▸ **Supplied data**:
--- --- ---

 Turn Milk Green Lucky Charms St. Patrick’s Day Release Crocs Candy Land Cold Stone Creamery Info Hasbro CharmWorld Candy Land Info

--- --- ---

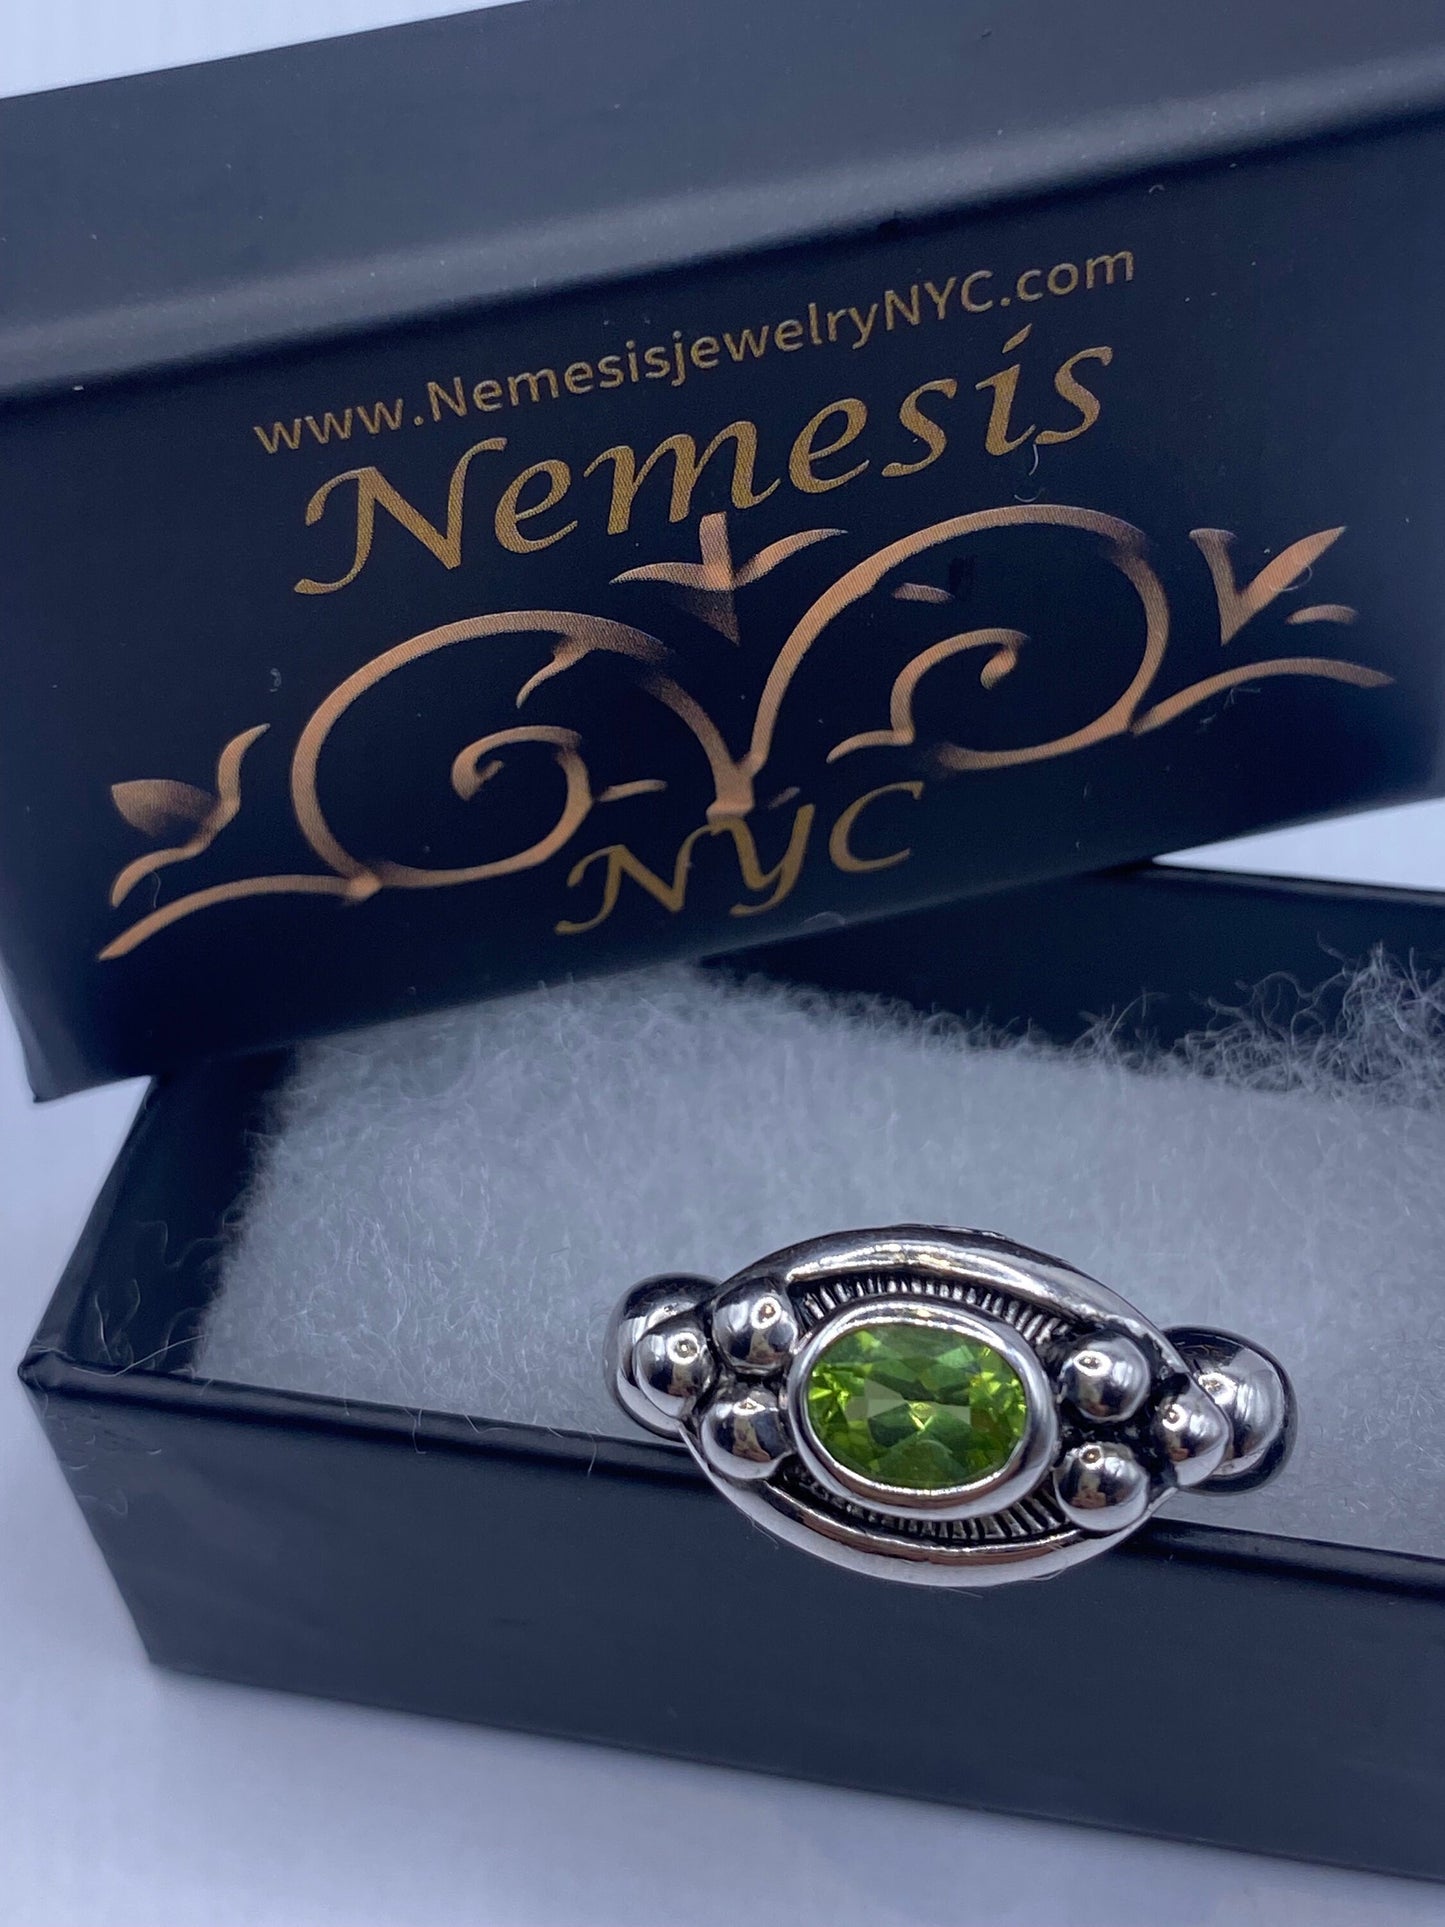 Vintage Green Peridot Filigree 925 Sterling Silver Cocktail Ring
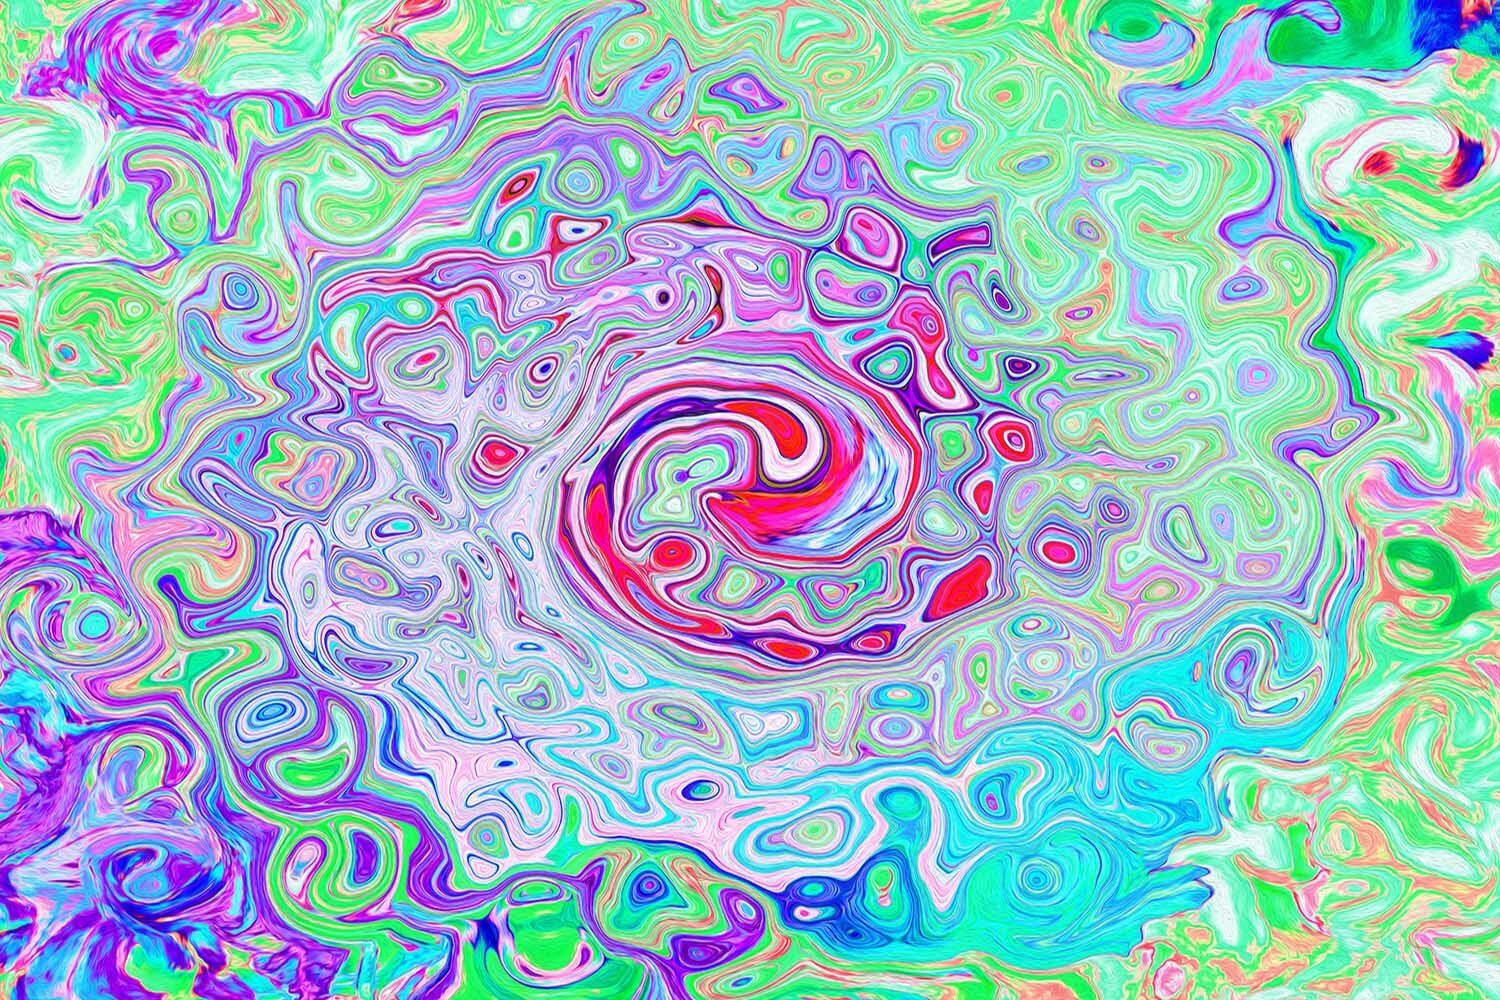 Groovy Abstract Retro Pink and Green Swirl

--- --- ---

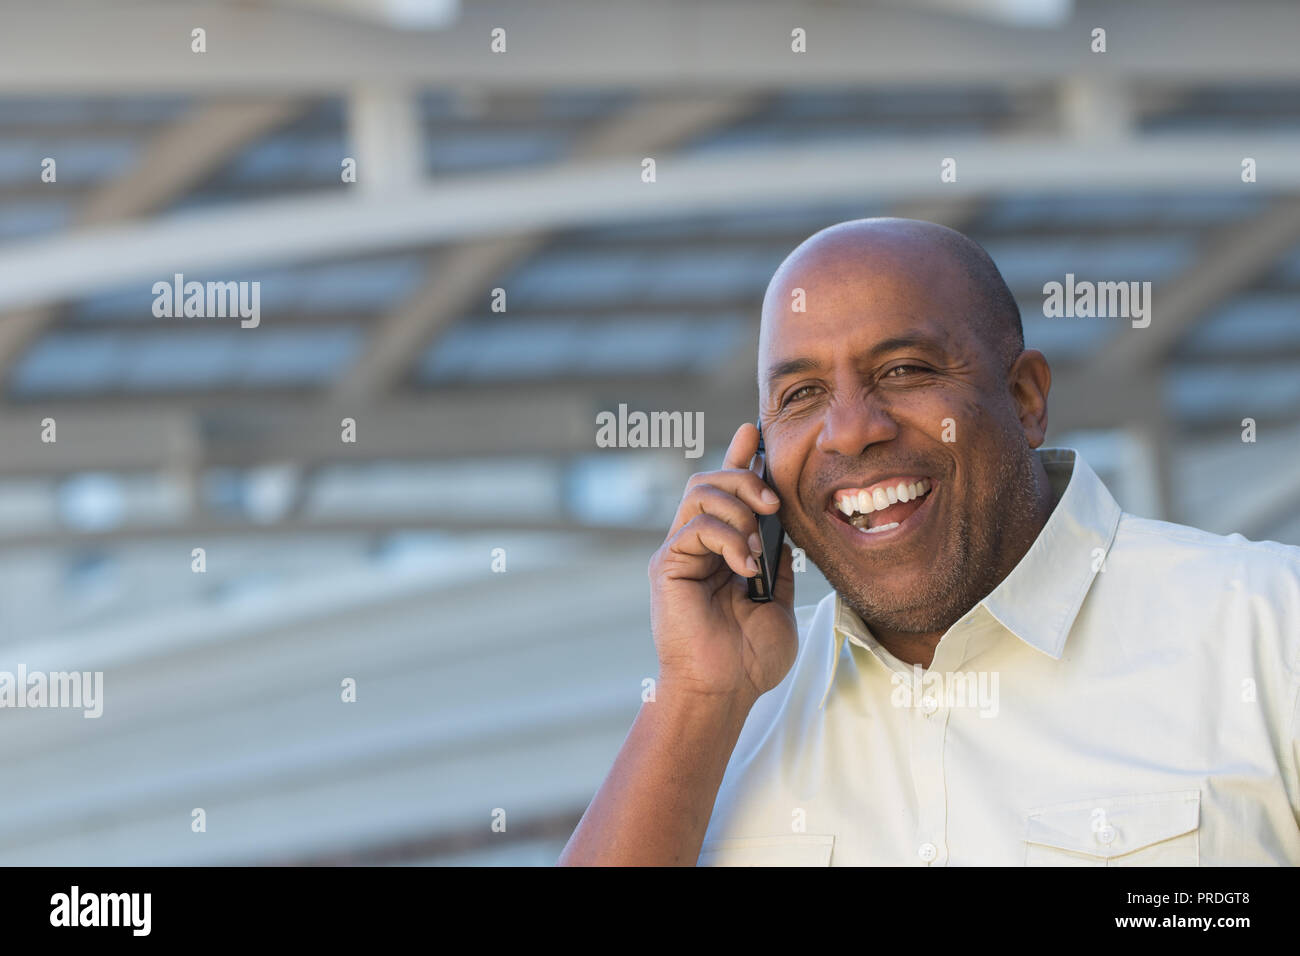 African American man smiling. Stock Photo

--- --- ---

▸ **Assigned task**: Leaving every picture aside, reproduce exactly the lines above from the one with "Vintage Green Peridot" up to and including the one with "Groovy Abstract Retro Pink and Green Swirl", and no others.

▸ **Solution for this task**:
 Vintage Green Peridot Filigree 925 Sterling Silver Cocktail Ring
 Groovy Abstract Retro Pink and Green Swirl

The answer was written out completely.